• Problem details: Give back exactly the lines from the one holding "Scandia Packaging Machine, M/N" to the bottom of the material, both included, and nothing more. No pictures.
[Data shown]
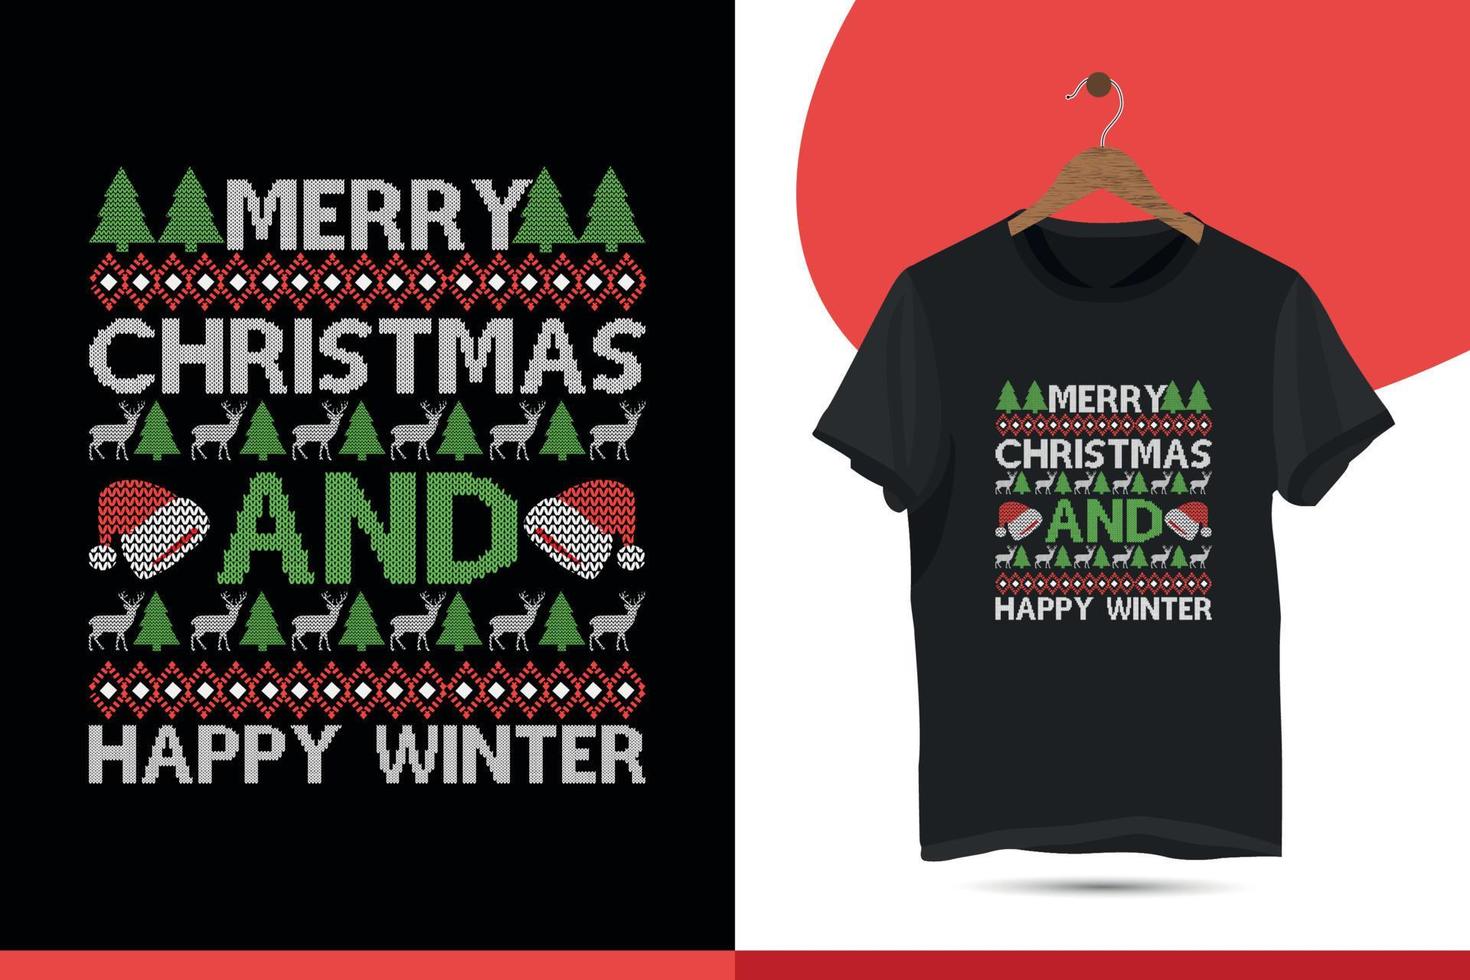 Merry Christmas and Happy Winter t-shirt designs for ugly sweater x mas party. Christmas merchandise designs. Christian religion quotes saying for print vector
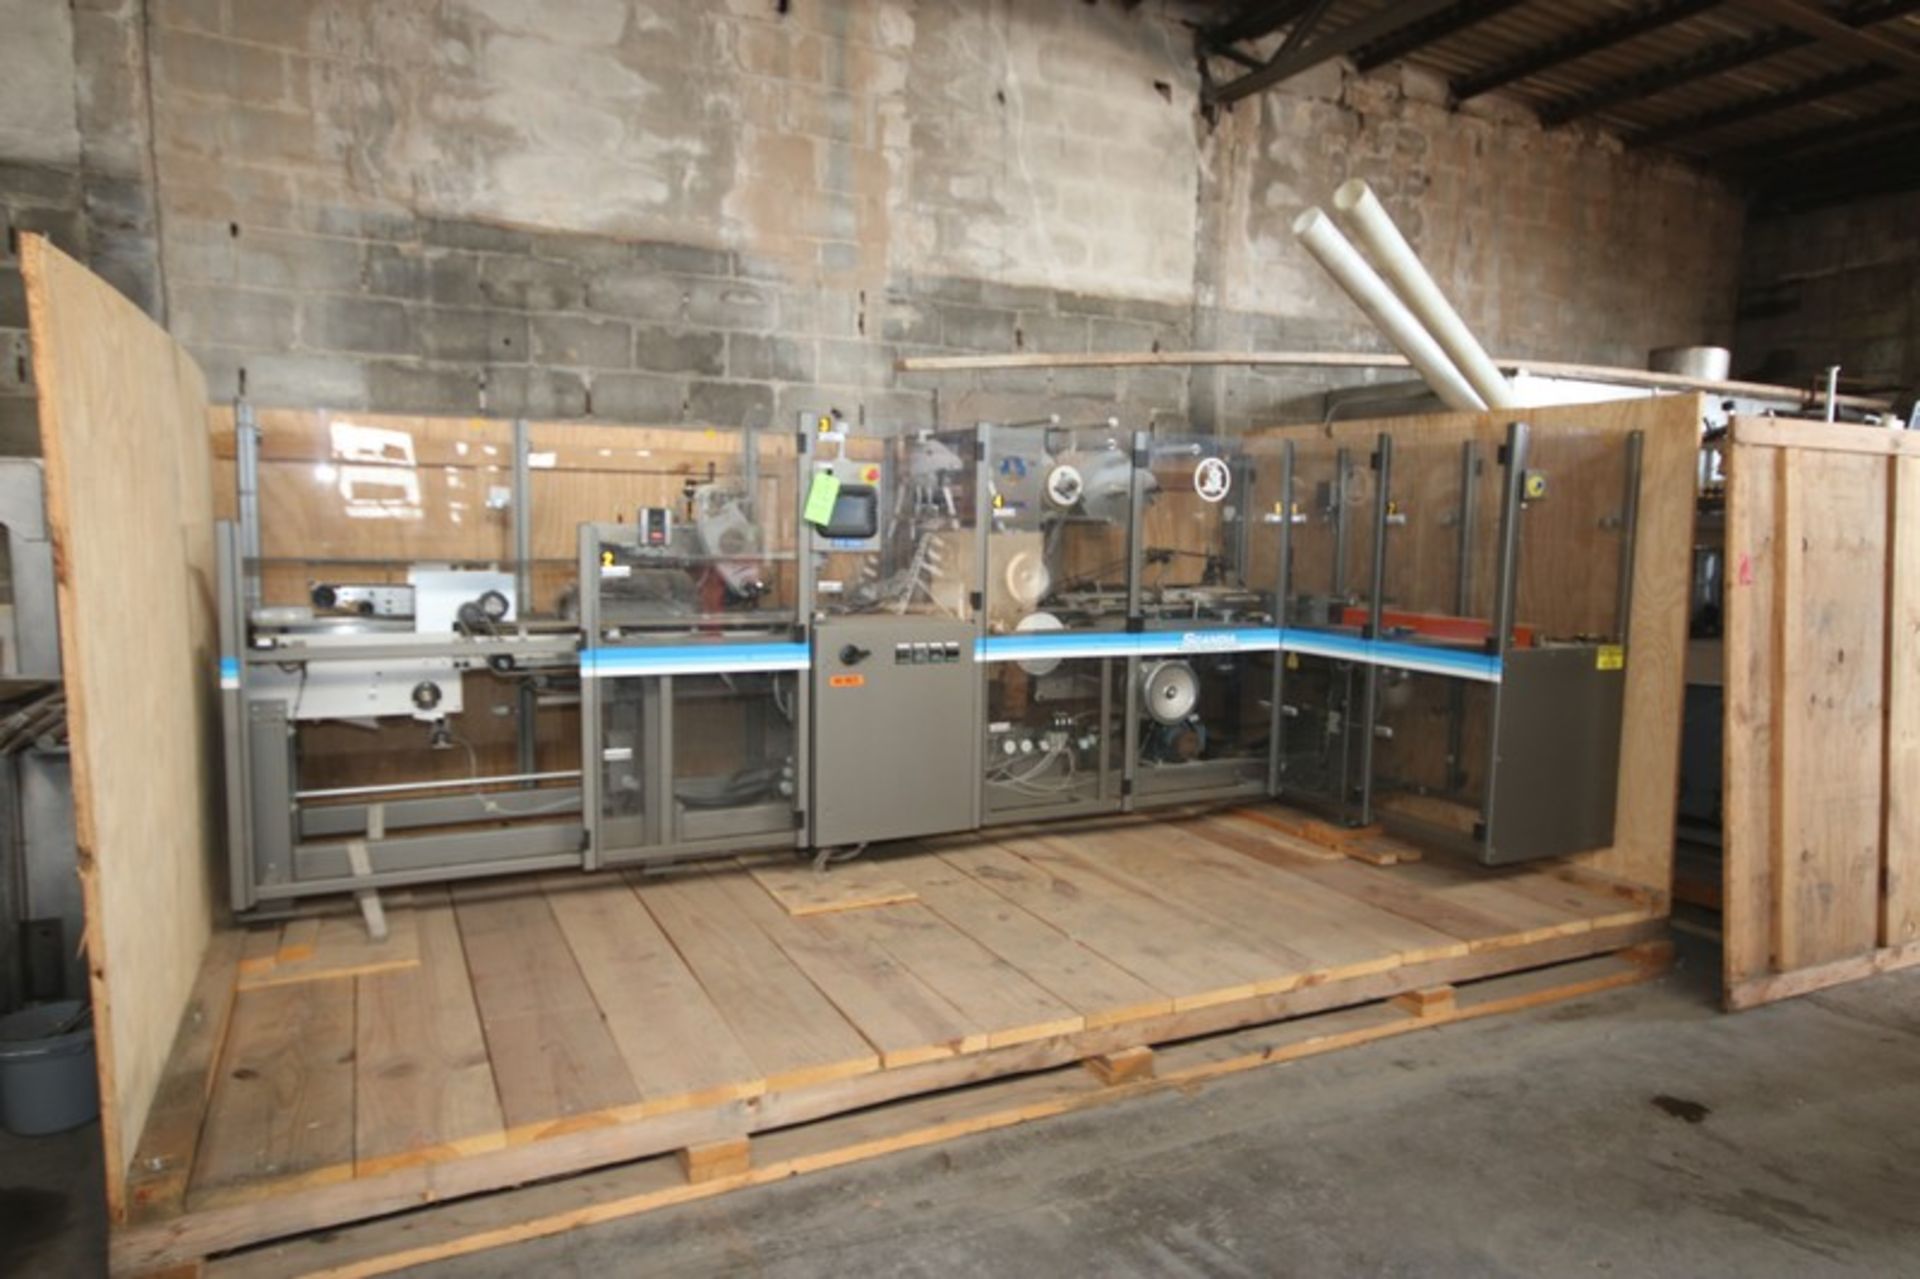 Scandia Packaging Machine, M/N 609, S/N 1-6721, with Touchscreens Display, with Allen Bradley PLC,
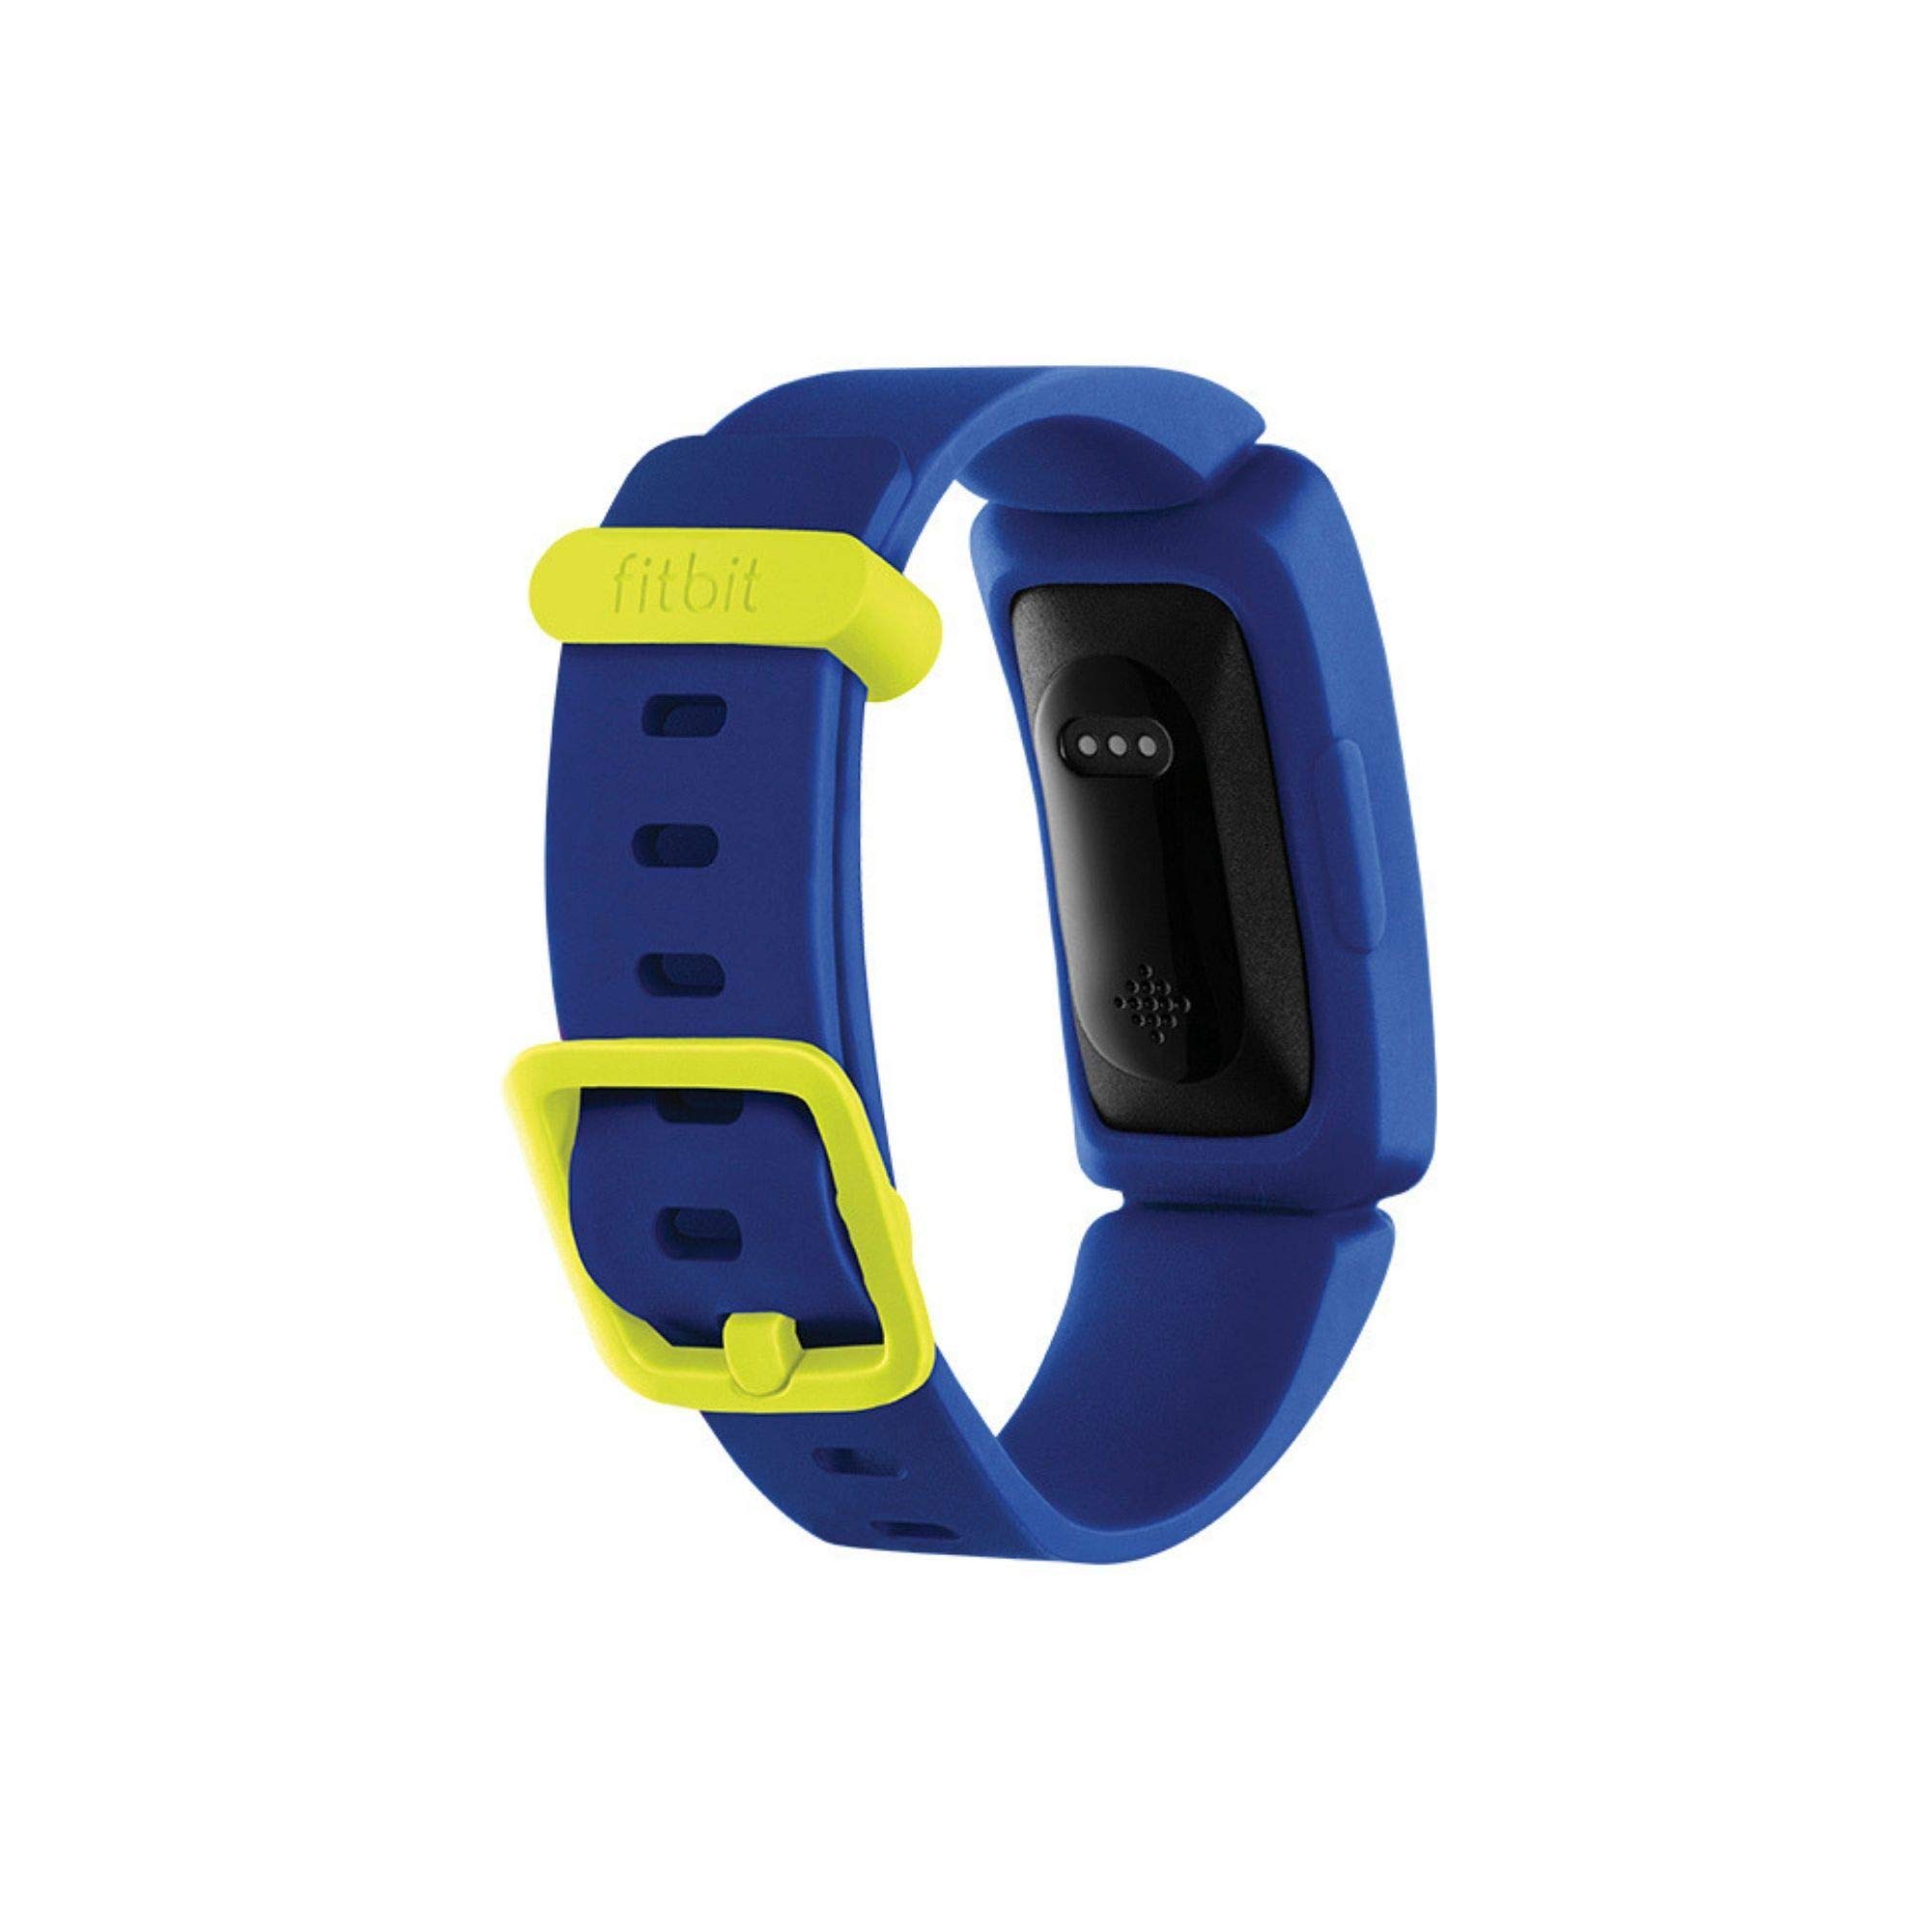 Fitbit Ace 2 Activity Tracker for Kids, 1 Count, Night Sky + Neon Yellow
[/Data shown]
• Solution below:
 Scandia Packaging Machine, M/N 609, S/N 1-6721, with Touchscreens Display, with Allen Bradley PLC,
 Fitbit Ace 2 Activity Tracker for Kids, 1 Count, Night Sky + Neon Yellow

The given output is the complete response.